SCD starts at the DNA level while making the building blocks of the hemoglobin (Hb: the oxygen transport in red blood cells (RBC)). A new protein formed by faulty coding: mutation. This makes The Hb less stable. Any hypoxia ( reduce oxygen pressure due to high altitude, dehydration …) will cause the Hb to precipitate, pulling the membrane along and causing leaking of potassium & water out of the RBC and calcium influx. This will result in red blood cell dehydration and the RBC loose it's biconcave disc form to a sickled one. If the hypoxia corrected in reasonable time the RBC may retain to normal shape, and it is only called pseudosickled. If not it'll take a more lunar shape and become sickled for good: sickled cell. Such cell has sharp surface and it affects it surroundings ( blood vessel, activate platelet..) and it clumps with each other occluding small blood vessels causing the famous pain. The smallest vessels are the easiest to clog, hence bone is the most common site of such crisis. The vasooccluasive crisis can happen anywhere in the body, including the brain and that is why the SCD patient has high prevalence of strokes – and at younger age-compare to the general population. Other common sites are the spleen ( which they usually lose by adulthood due to frequent infarcts, a phenomena known as autosplenectomy) and the lung, where it cause the life threatening acute chest syndrome.

Back to life as a senior medical student.

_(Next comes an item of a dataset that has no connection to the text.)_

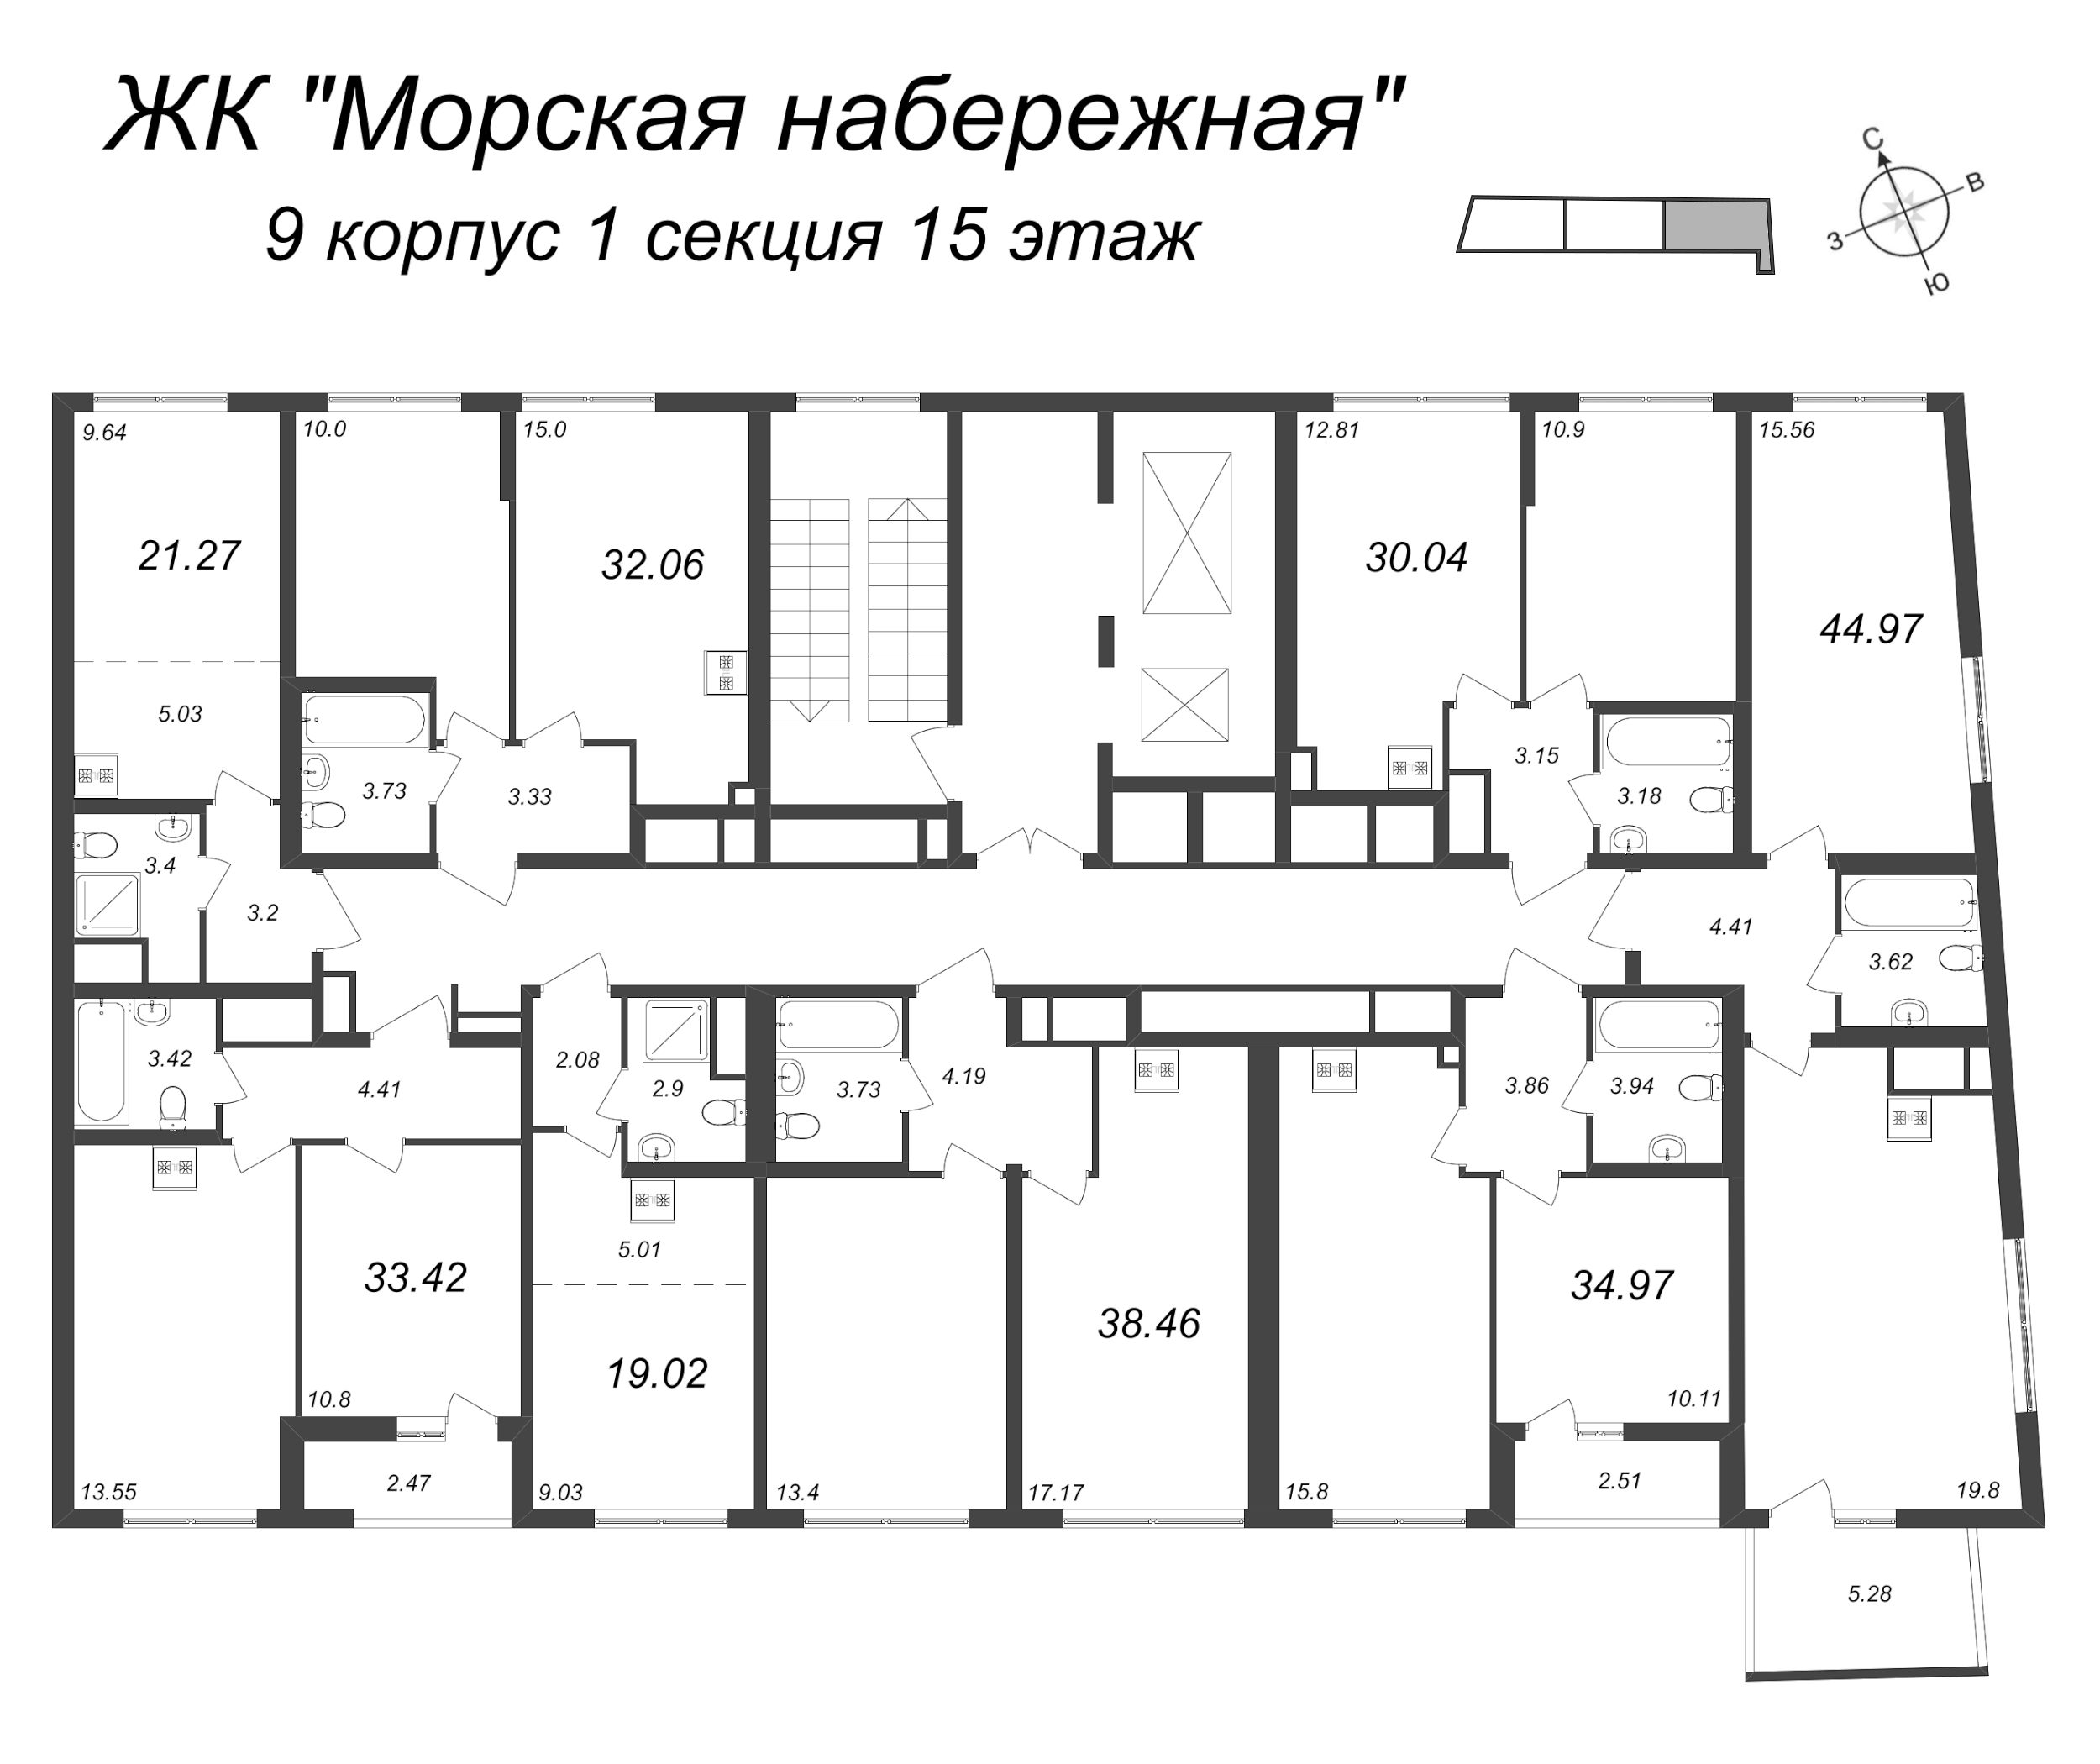 Квартира-студия, 19.02 м² в ЖК "Морская набережная" - планировка этажа

Will we are expected to work like interns except we got some teaching and don't have to write stupid discharges and referrals. But we need to clerk , assess, format a plan and write it up in the hospital system. And we have a tiny tyny book that we need to fill with procedures and reflections and such.. and that reminds me I need to write my case  now and read about Hodgkin lymphoma!

See you soon.

Old Up date

 Hi,
I wrote this months ago. I guess I'll post it because it was written in the middle of exam chaos and I need to document my feeling, the uncertainty I am sure every med students will experience! Thankfully it turned  out I did quite well.
====I had finished my OSCEs.   I blow them big times. The easiest stations especially.  I think I'll need to  take a reset. It was so awful I could see the disappointment in my doctors –mentors_ faces. 

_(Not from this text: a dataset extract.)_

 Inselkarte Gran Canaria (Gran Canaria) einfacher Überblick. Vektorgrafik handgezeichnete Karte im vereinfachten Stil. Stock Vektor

I am not sure what went wrong because I  kept omitting major parts of each station.  Example: I kept telling myself not to forget PR & genital exam & at least mention about the ideal exposure .. I walked out of the exam room without even mentioning them.  Every time I get out of an examination station I remember things I was supposed to do.  This happen with every station. Every single one.

Never mind,

Tomorrow  I'll have my first written.   Couldn't study today or didn't want too! I covered the whole material last week & I know I need to reread but I spent half an hour staring at my notes & then decide not to read. 12 hours break..I repeat my exam is tomorrow..  no feeling. Not even A tiny winy feeling of guilt.

Oh and the elective things, it is cancelled. I will do it locally now.

I just need to read the cardio part, not only for the exam but also because I hate cardio & rarely read about it.

2 more exam blocks . Let's pray I pass.